Die Umsatz- und Organisationsstruktur im Filialnetz unterliegt
aktuell einem Wandel. Der Umsatz verringerte sich vor diesem
Hintergrund um 31,7 Mio EUR, die Gesamtkosten wurden gleichzeitig um
34,7 Mio EUR reduziert. In der Umsatzdarstellung 2009 waren noch 13,3
Mio EUR Umsatz Prepaid-Telefonwertkarten inkludiert. Auch die
Innenumsätze reduzierten sich wegen der verstärkten Direktabholung
von Briefen und Paketen bei Großkunden um 13,7 Mio EUR.
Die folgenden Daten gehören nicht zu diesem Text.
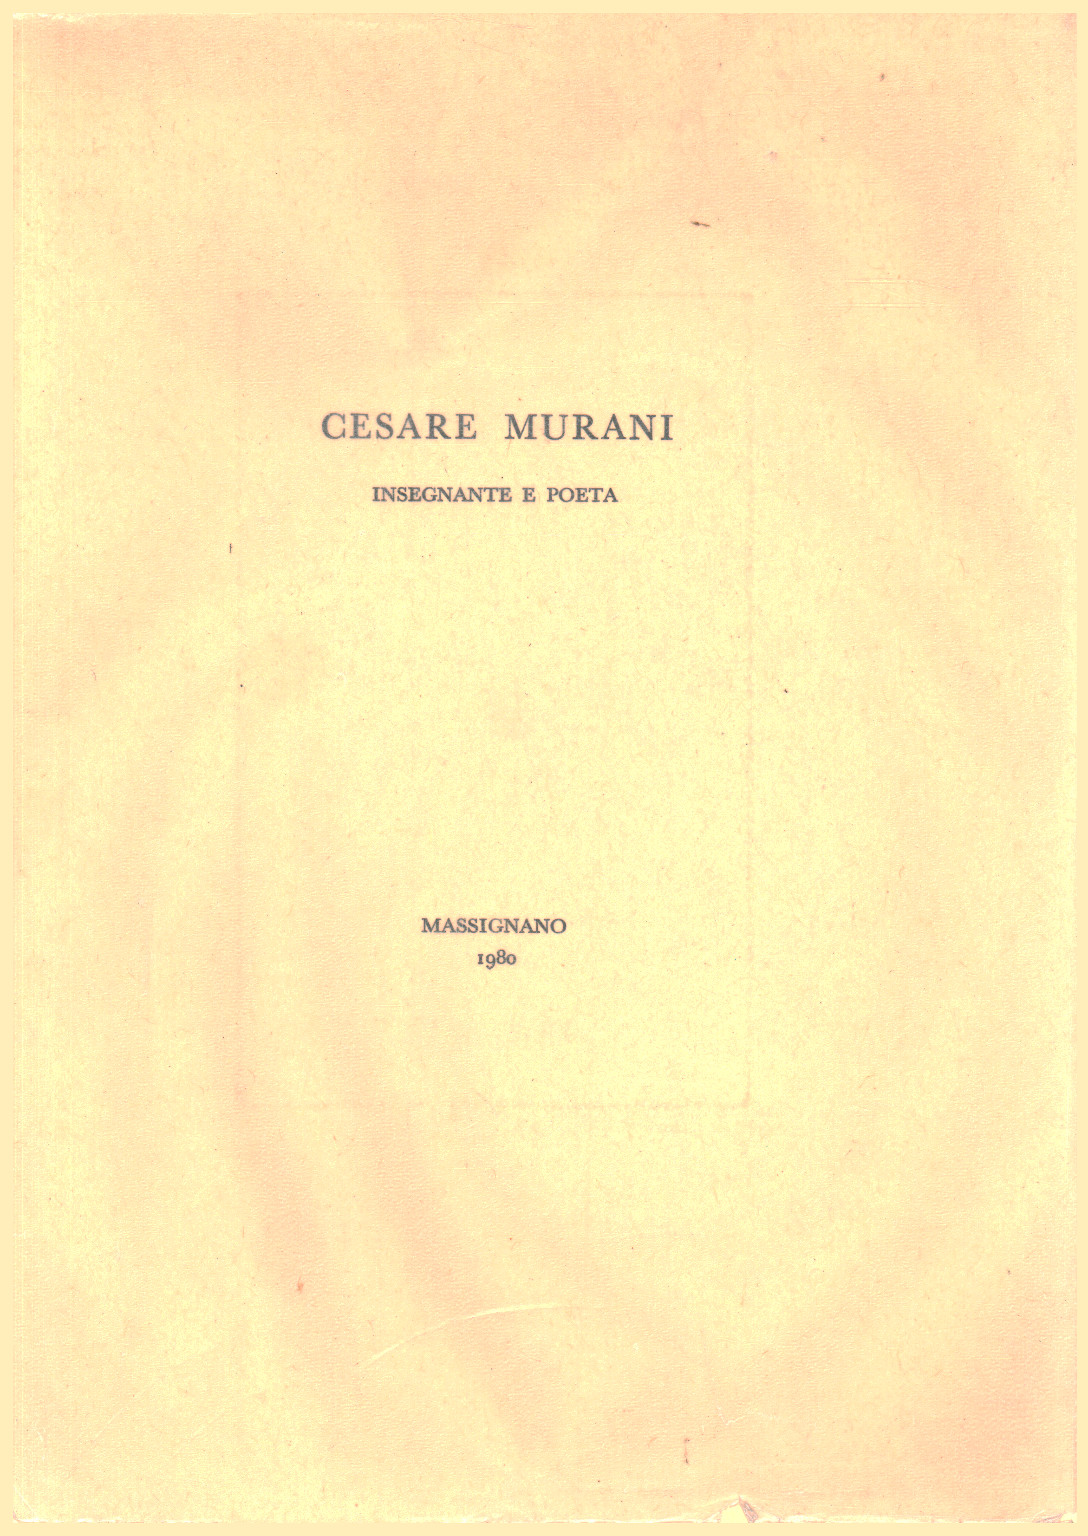 Cesare Murani. Professeur et poète, s.un.

Gewinn- und Verlustrechnung (Mio EUR):
Umsatzerlöse 2009: 2.356,9; 2010: 2.351,1 (-0,2%)
EBITDA 2009: 269,2; 2010: 262,1 (-2,6%)
EBIT 2009: 149,4; 2010: 156,9 (5,0%)
Periodenergebnis 2009: 79,7; 2010 118,4 (48,5%)
Ergebnis je Aktie (EUR) 2009: 1,18; 2010 1,75 (48,5%)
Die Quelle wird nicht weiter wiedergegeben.